Mumbai: Billionaire Ajay Piramal-led Piramal Enterprises Ltd, which sold its India drug formulations business in 2010 to US-based drug maker Abbott Laboratories, has decided to exit from the drug discovery research business after a review meeting this week.

The group, which focuses on drug discovery or new chemical and biological entity research under its subsidiary company Piramal Life Sciences Ltd, has circulated an internal note to the 180-odd employees, mostly scientists, in the discovery unit located in Mumbai, asking them to either take a retirement or to move to the group’s generic medicine development and contract research units.

“After a business review, we have taken a decision to stop all the early-stage discovery projects at Piramal Life Sciences and to announce a retirement or relocation scheme for the employees," said Swati Piramal, vice-chairperson, Piramal Enterprises, who oversees the group’s research business.

Owe Orwar, a Swedish scientist who heads Piramal Life Sciences’s discovery research unit as president, is heading back home. Orwar replaced Somesh Sharma, lead scientist and chief executive officer of Piramal Life Sciences, in 2012. He shared the responsibility for the drug research business with Peter DeYoung, president, Piramal Life Sciences, and son-in-law of Ajay and Swati Piramal.

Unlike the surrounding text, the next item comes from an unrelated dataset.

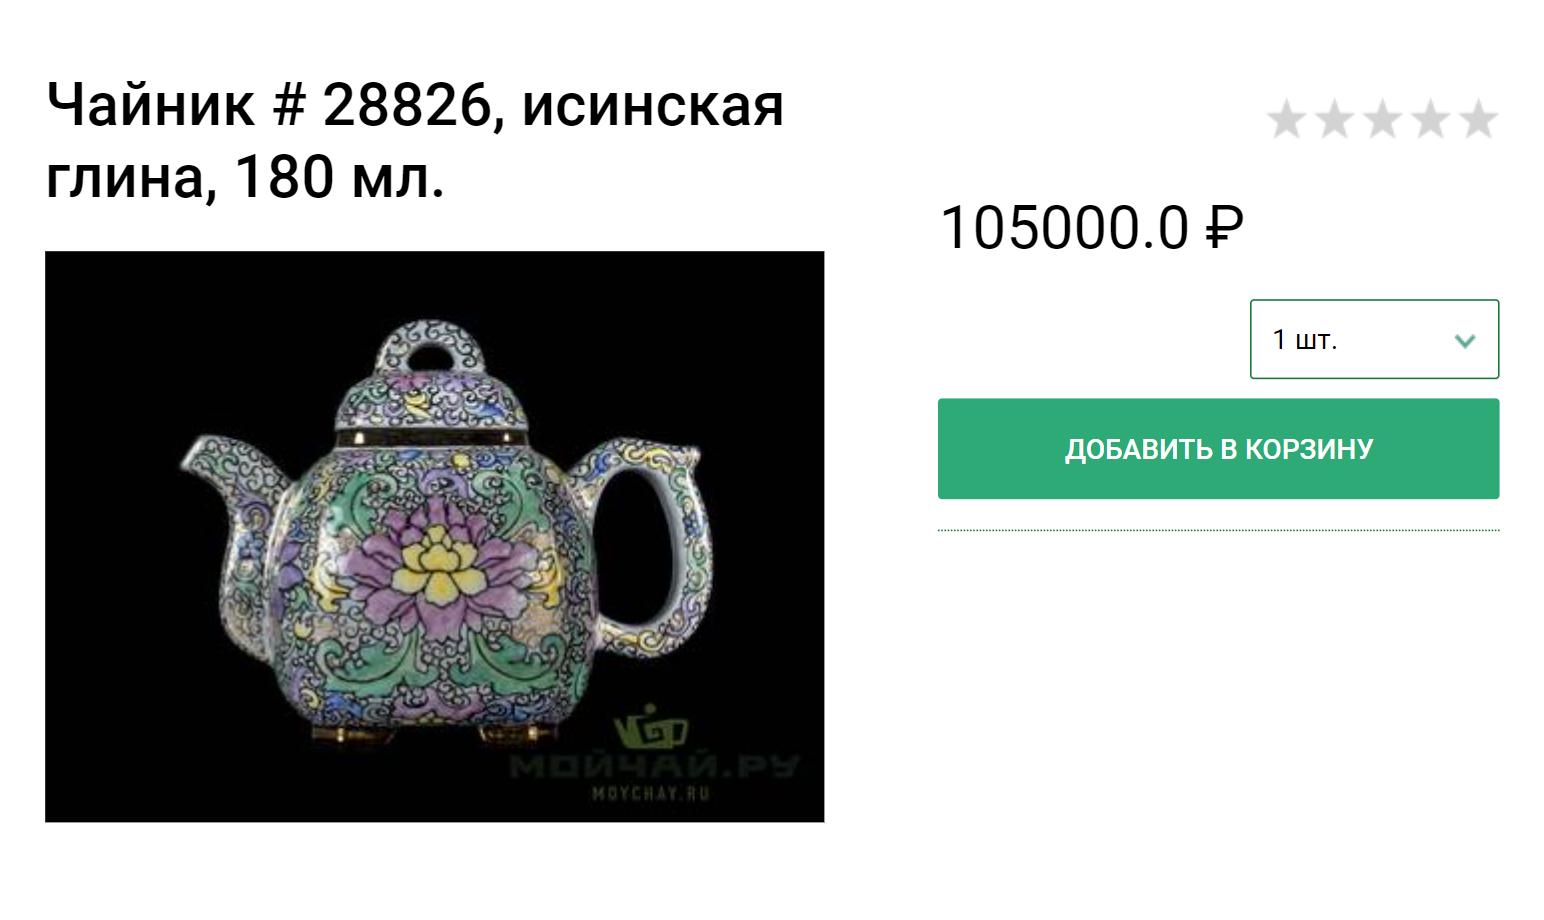 Красиво украшенные исинские чайники могут стоить и больше 100тысяч рублей. Источник: moychay.ru

While the company will continue its generic and contract research business, which is spread across four units located at Hyderabad, Chennai, Pithampur and Ahmedabad, it will immediately stop all the new chemical research work, except the ongoing projects in imaging and anaesthetics solutions, Swati Piramal added in a telephone interview on Tuesday.

Piramal Life Sciences has a team of over 400 scientists spread across the globe. It pursued research into novel and innovative medical solutions, but more than half of this team is engaged in generic drug development. The company also claimed to have at least 295 patents and some 808 pending patent applications, spread across various categories such as compositions of matter, treatment methods, biomarkers, diagnostics, pharmaceutical compositions and drug delivery systems.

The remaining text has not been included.